CNN's Don Lemon responded to the tweets. "He's embarrassing himself actually," he said. "Because he doesn't know history . . . He doesn't read."
Lemon continued, "Just because people feel a certain way about slavery and about the African-American experience in this country, there's a reason why there's a consensus around that – because of facts."
And Lemon was not alone. A chorus of individuals were outraged by West's abhorrent statement, especially after the recent opening of The Legacy Museum: From Enslavement to Mass Incarceration in Montgomery, AL, which was built on land where enslaved people were imprisoned.
Filmmaker Ava Duvernay used photos from the museum to illuminate her disgust for West's (and R. Kelly's) words.
I’ve had it with @KanyeWest + @RKelly using the imagery of lynching as rebuttals re: their dastardly behavior. Evoking racial terrorism and murder for personal gain/blame is stratospheric in is audacity and ignorance. This is what lynching looked like. How dare they? pic.twitter.com/wfobcdjiKL
— Ava DuVernay (@ava) May 2, 2018
Shame on you, @kanyewest + @rkelly. If you want to have a REAL conversation about lynching, get at me. Until then, have some respect and dignity for the dead. The murdered. You’ve gone beyond embarrassing yourselves. You’re both in territory that you don’t REALLY want to be in. pic.twitter.com/LXci0F0umc
— Ava DuVernay (@ava) May 2, 2018
According to @MemPeaceJustice, more than 4,000 black men, women and children were hung/lynched between 1877 and 1950. @kanyewest + @rkelly are using their heinous murders in tweets and press statements. Using our ancestors’ pain as punchlines. pic.twitter.com/DHlwIF5kLc — Ava DuVernay (@ava) May 2, 2018
Historian Blair L. M. Kelley further interrogated West's point with some added details that he either didn't know or neglected to consider.
Haven’t watched the whole Kanye event today, working my way up to it. I will say, that a milder version of the “slavery is a choice” argument is made by uninformed people all the time. I’ve had young men in my courses say “they never would have enslaved me.”
— Blair LM Kelley (@profblmkelley) May 2, 2018
People aren’t aware of the alienation of people ripped from their homes, abused, walked hundreds of miles across Africa, sometimes so far they ceased understanding the language spoken around them...

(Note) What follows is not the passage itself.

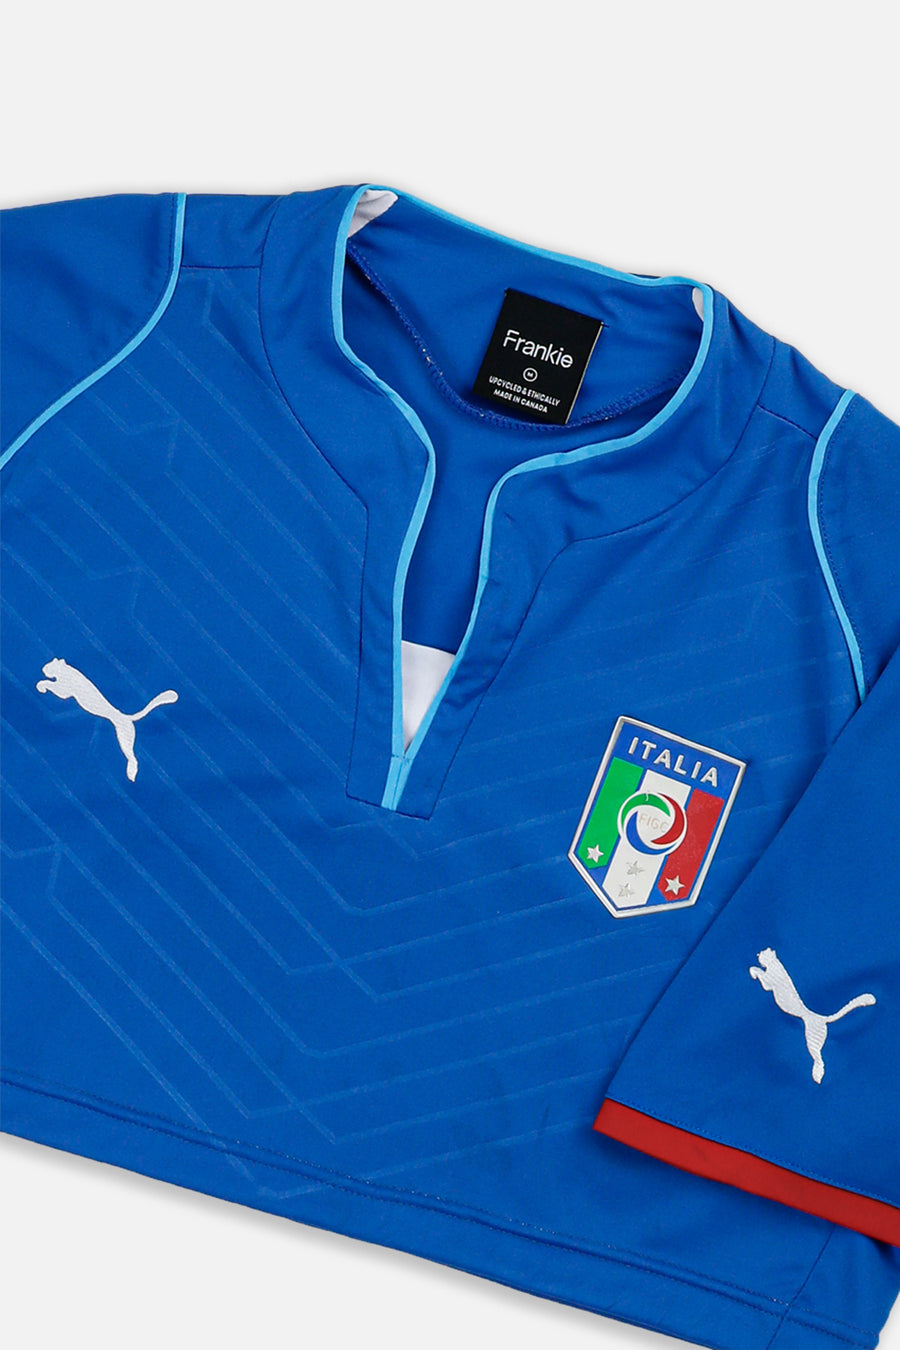 Rework Crop Italy Soccer Jersey - M

— Blair LM Kelley (@profblmkelley) May 2, 2018
People don’t know the brutality of the slave castles were people were held on the coasts, branded still holding out hope for escape, or reconnection with loved one.... — Blair LM Kelley (@profblmkelley) May 2, 2018
Could they have survived the devastation of the middle passage, packed less humanely than animals below the deck of the ship, chained to people who were sick and dying? — Blair LM Kelley (@profblmkelley) May 2, 2018
Could they have survived being sold like a good at market by people in a foreign land speaking a foreign tongue? Could they have survived torturous work, in scraps of clothing eating the food that was unwanted? — Blair LM Kelley (@profblmkelley) May 2, 2018 Not only did my ancestors and Kanye’s ancestors survive, they managed to make a way to make a new culture, remake family and faith. And in the process, make a culture so formidable that it continues to change the world. — Blair LM Kelley (@profblmkelley) May 2, 2018
Slavery wasn’t their choice at any step. We know that freedom was always their choice, resistance was their choice when they couldn’t escape.
— Blair LM Kelley (@profblmkelley) May 2, 2018
Denigrating their lives at this point for attention and spare change is such an embarrassment.